I know absolutely nothing about howlers, though I was eyeballing a...I think it was a...SongDog on the Internet yesterday and it looked like a very nice and well made call. Is that open reed easy to blow for a beginner or would something else be a little better?

Thanks for the help,
Dan


----------



## Fallguy (Jan 23, 2004)

Song Dog is a good call. It can do everything- howl, distress, ki-yi.

I also like the Red Desert Howler by Dan Thompson, although you will have to work the reed to get it to it's potential.
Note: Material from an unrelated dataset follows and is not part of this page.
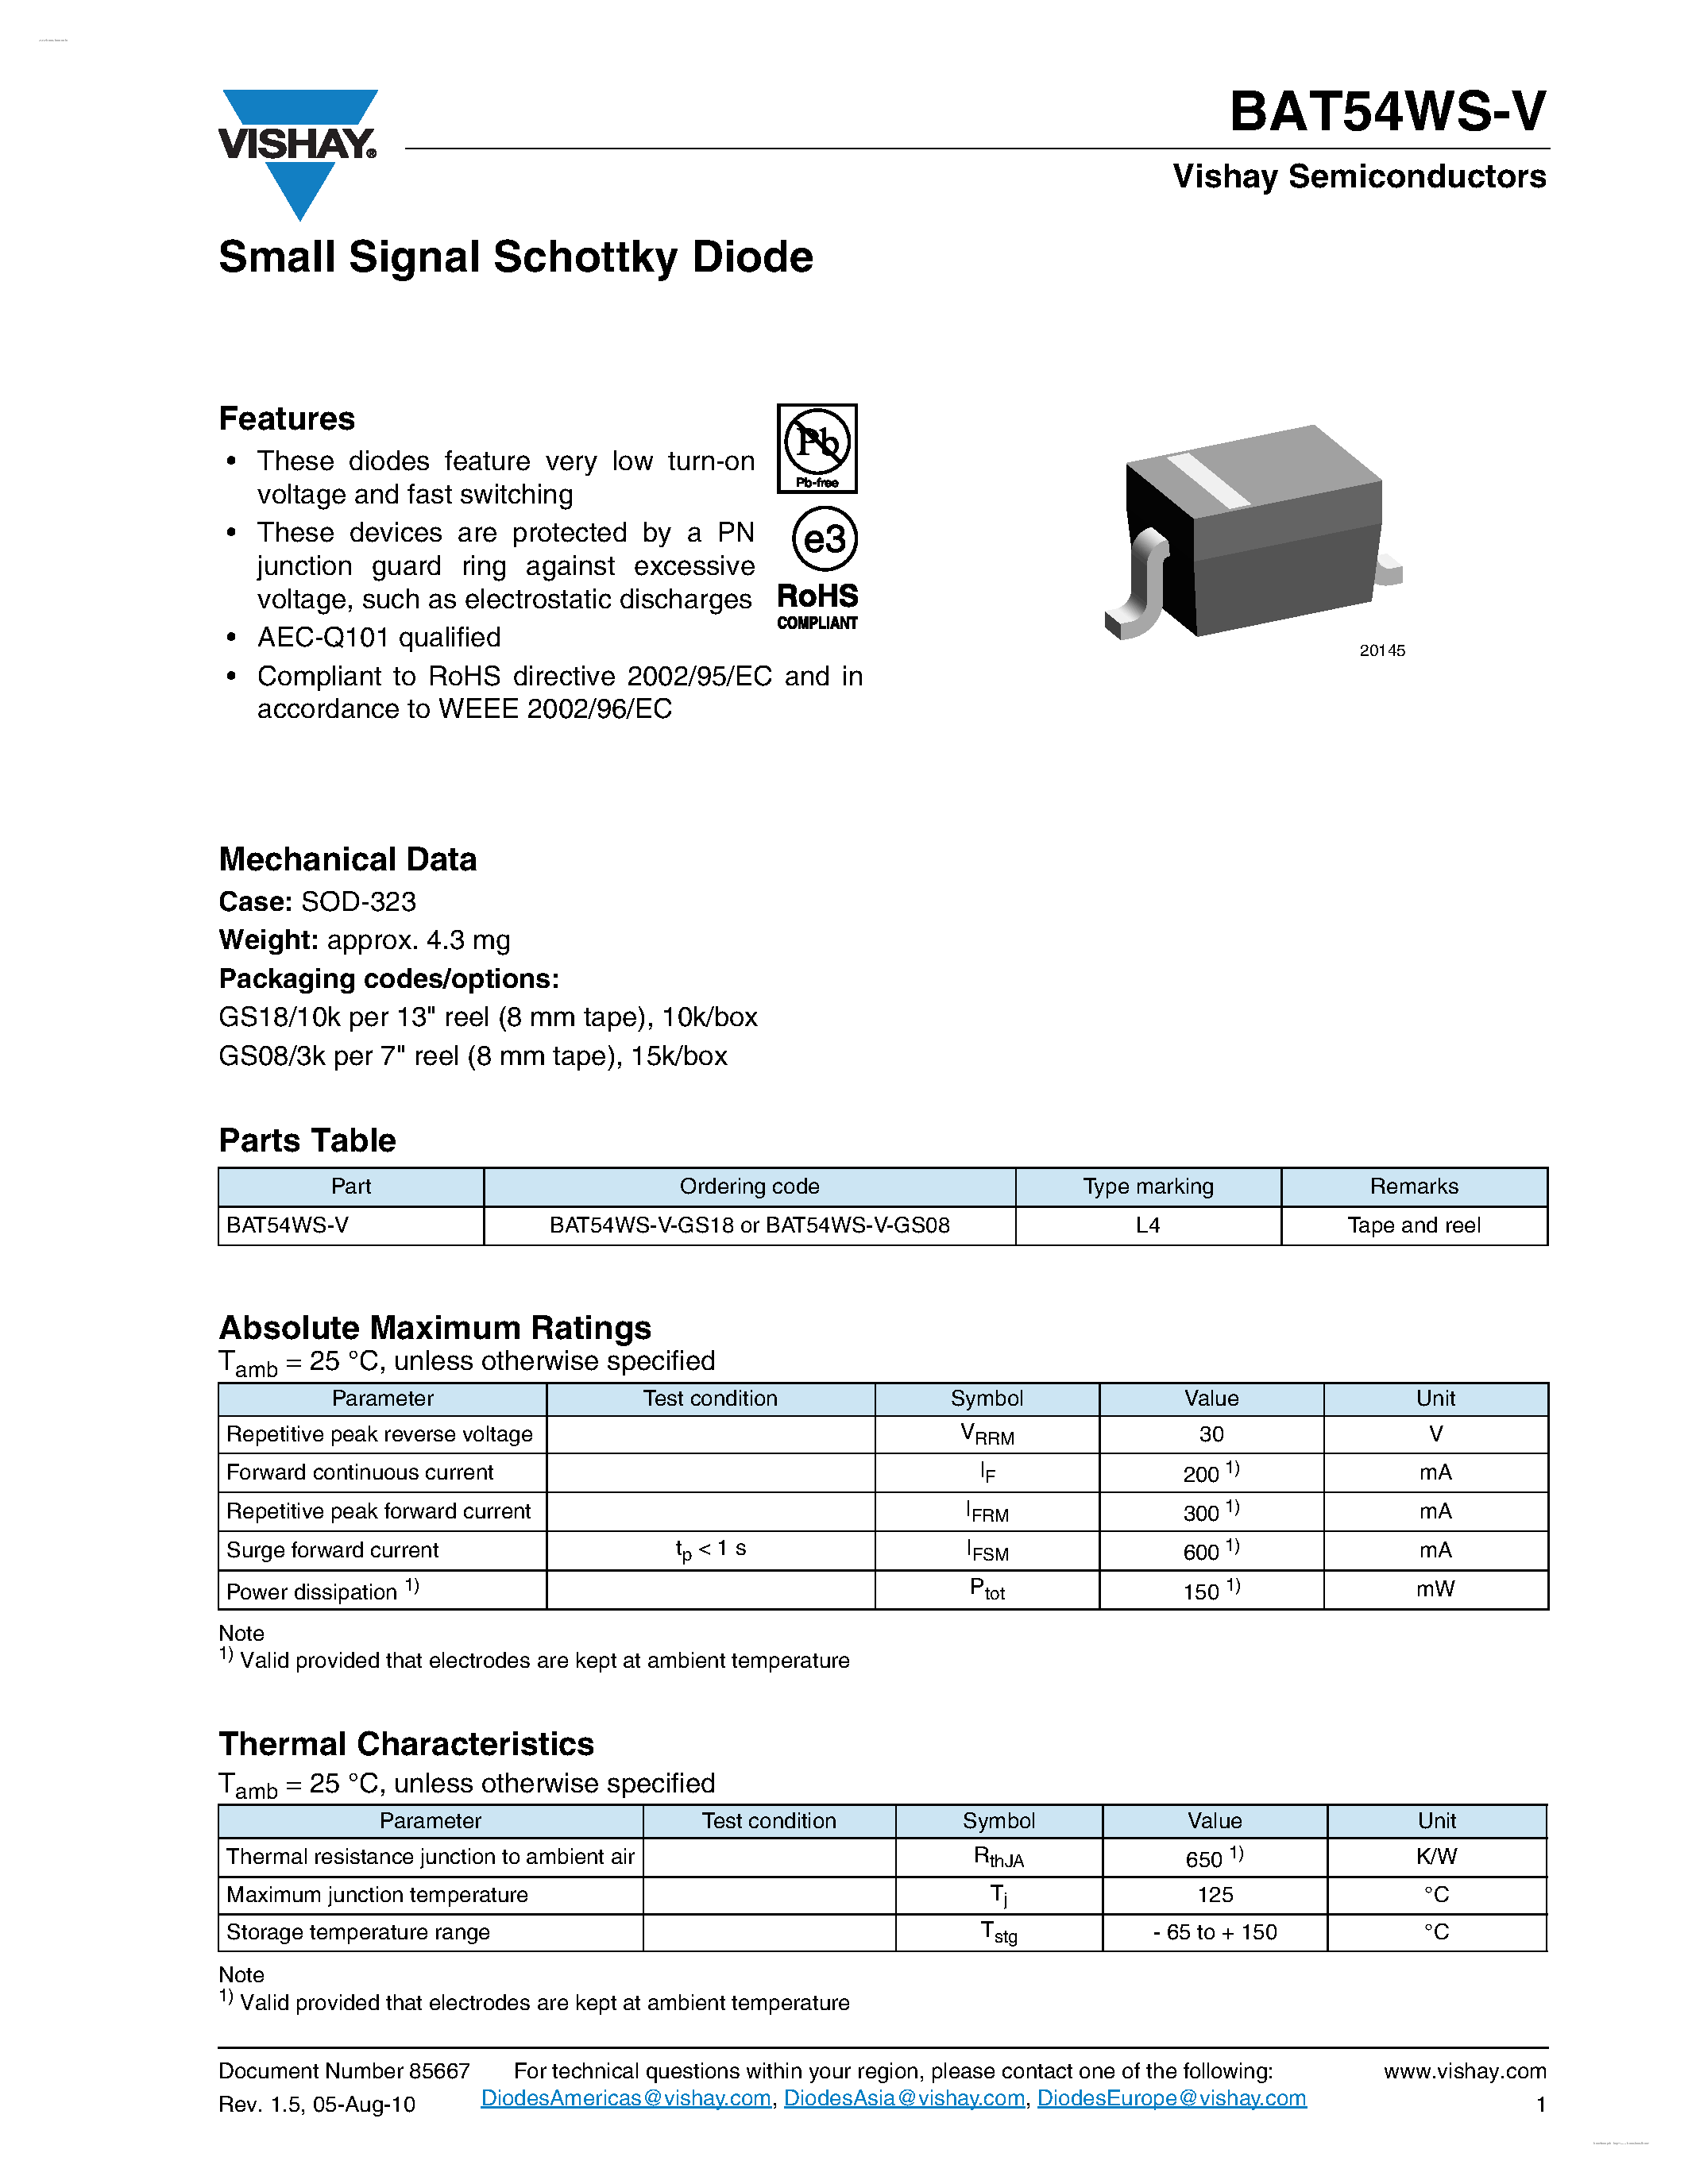 Даташит BAT54WS-V - Small Signal Schottky Diodes страница 1

Don't get a Primos Hot Dog...it is a rip off of the Red Desert.

Or get a custom howler. Often you can get them for close to the same price as a factory one, and the maker will fix any problems with it and tune it for you. I recommend Tony Tebbe (TT Predator Calls). I have bought 3 calls from him and he makes a good product. Do a search for his information. You may also want to PM Rich Cronk on here. I have been looking into getting one of his calls for a few years.


----------



## kdog (Mar 13, 2007)

Like Fallguy siad, the Red Desert is my choice. The song Dog is a great call, but I don't use it as a howler. I love it for rabbit distress and KiYi. I'm sur the Rich Cronk custom howler would be well worth the money as well, and I'll probably try one myself.

Good shopping! :beer:


----------



## dfisher (Oct 12, 2007)

Yea, like I said in the posts, I don't know much about them and want something easy to operate. I will look into those custom calls.
Thanks 
Dan


----------



## kevin.k (Dec 31, 2005)

i am also looking into getting a new howler i have the hot dog, and the crit R call magnum.
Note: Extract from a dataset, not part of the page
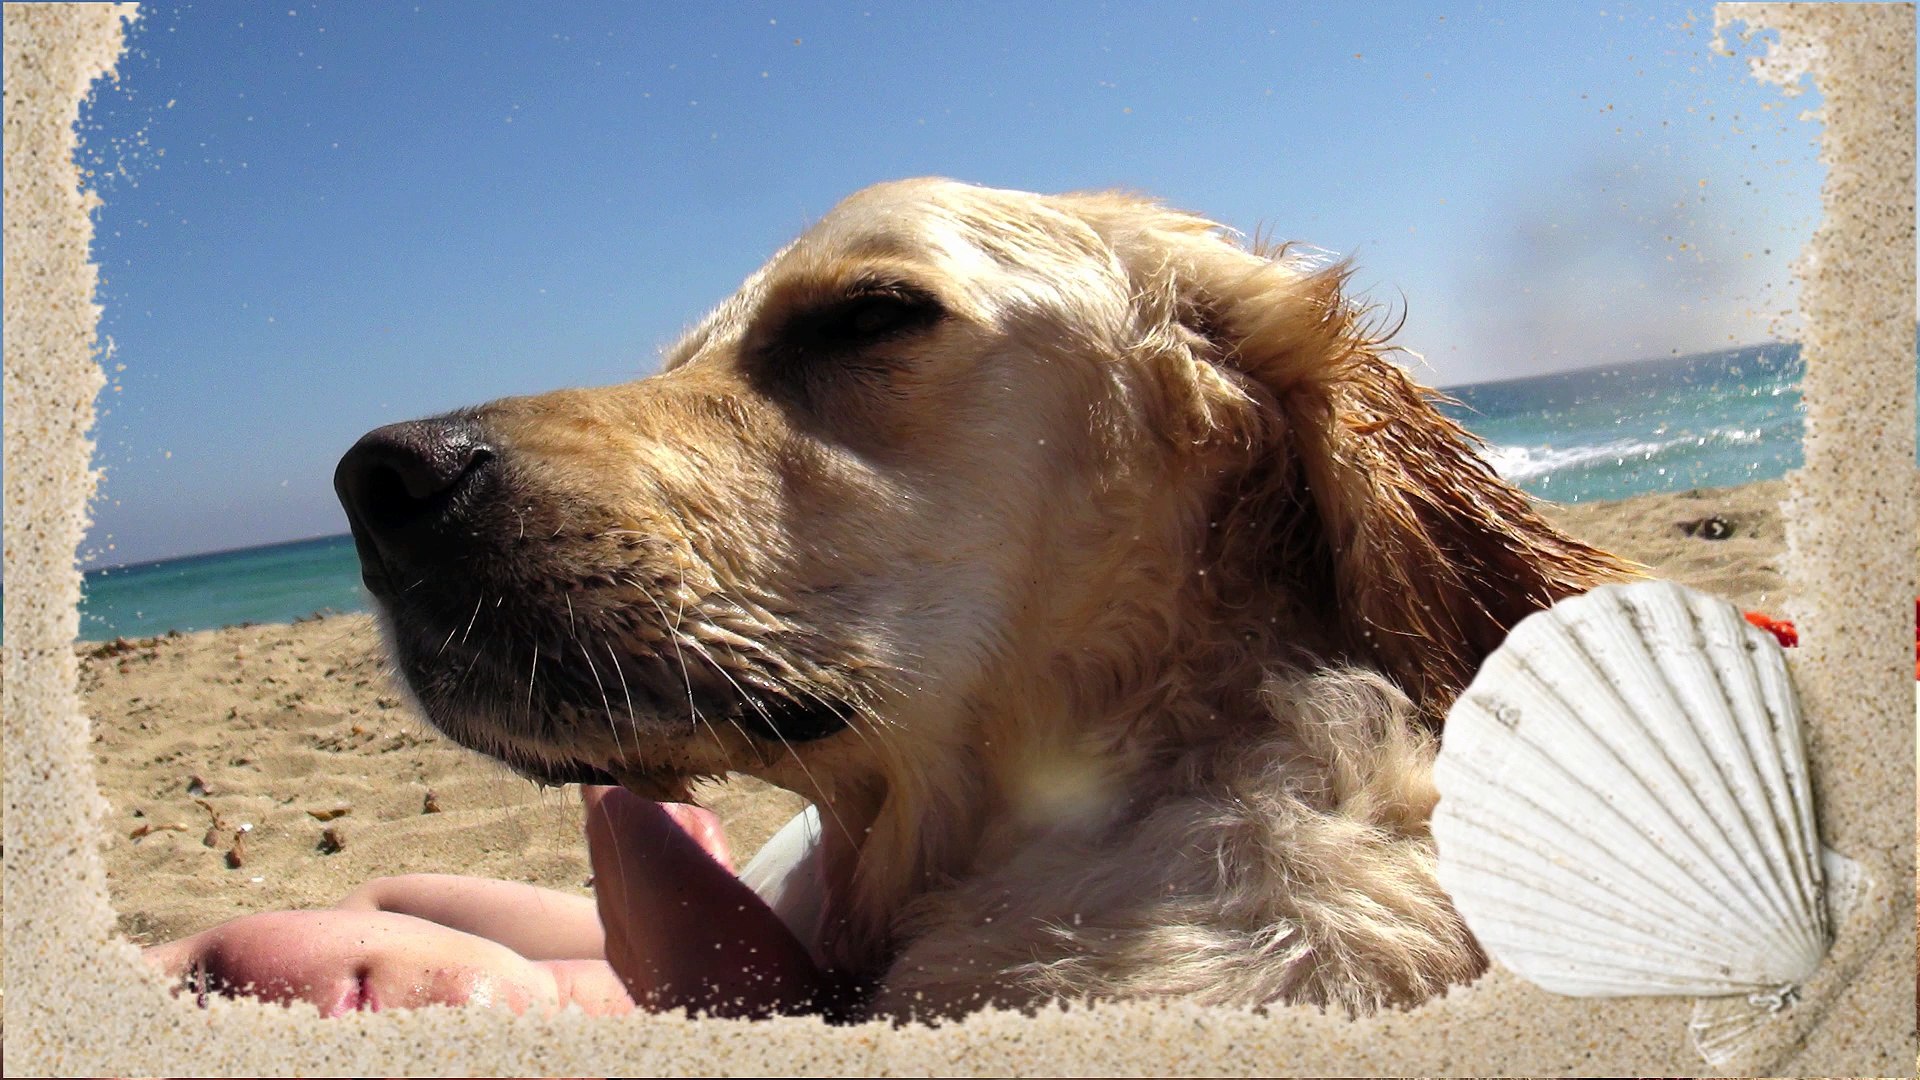 Golden Retriever montage: Kobie's Beach Day

i wana get the red desert, and possibly the song dog , or the primos lil dog i heard is a pretty good mid range howler


----------



## dfisher (Oct 12, 2007)

Does anyone know anything about Jerry Hunsley's line of calls? I see him on here now and then and was checking in at Schee's and noticed one of his calls there. Any experience with these?

Thanks,
Dan


----------



## Rich Cronk (Nov 8, 2007)

Jerry Hunsley does in fact make good howlers. http://www.wileyonepredatorcalls.com/


----------



## bud69652 (Feb 6, 2006)

Red desert howler is the way to go.


----------



## johngfoster (Oct 21, 2007)

Another happy Red Desert Howler owner. Easy to bark with it, and with practice you can make some very realistic coyote howls and sounds.


----------



## 308 (Jul 10, 2007)

I like the primos hotdog :beer:


----------



## SDHandgunner (Jun 22, 2004)

Probably the EASIEST TO BLOW howler I have ever used is the Zepp's 1080. Woodswise used to make a howler identical to the Zepp's. I took the mouth piece from my Woodswise Howler and placed it into the barrel (megaphone) from my Randy Anderson / Primos Hot Dog Howler (couldn't blow the Hot Dog with the mouth piece it came with) and now have what I consider the easiest to blow howler I have ever tried.
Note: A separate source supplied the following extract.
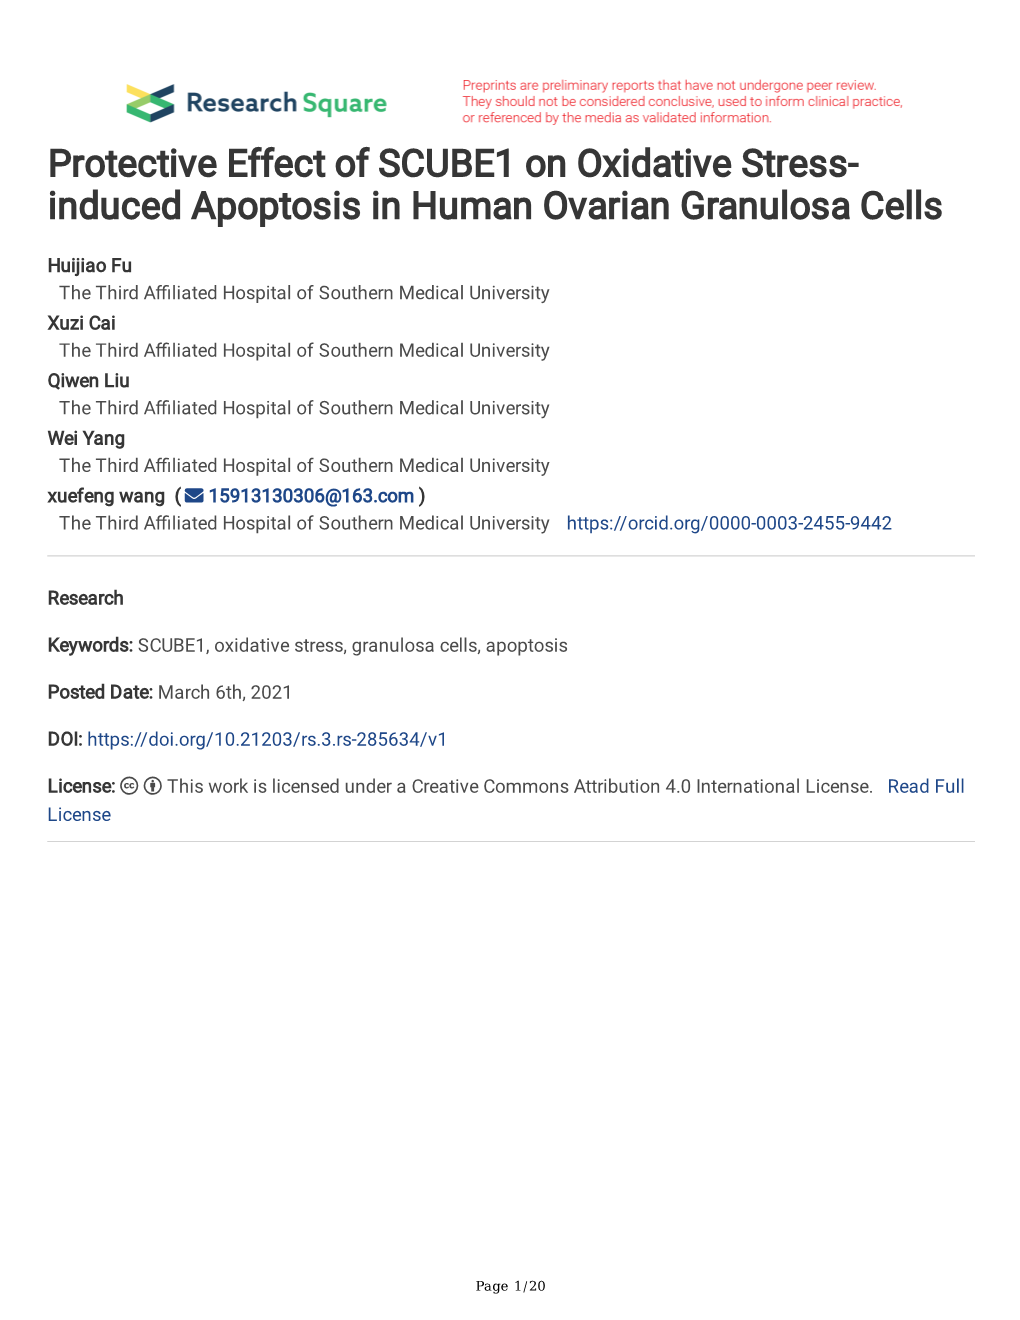 Induced Apoptosis in Human Ovarian Granulosa Cells

But then I have been itchin to try the one from While One Predator Calls, and also one of Rick Cronk's Howlers. Maybe if I talk nice to Mrs. Santa she'll get me one or the other for Christmas.

Larry


----------



## multistage (Nov 4, 2007)

Red Desert Howler from Dan Thompson or Cedar River Howler from Tony Tebbe. Both are excellent.


----------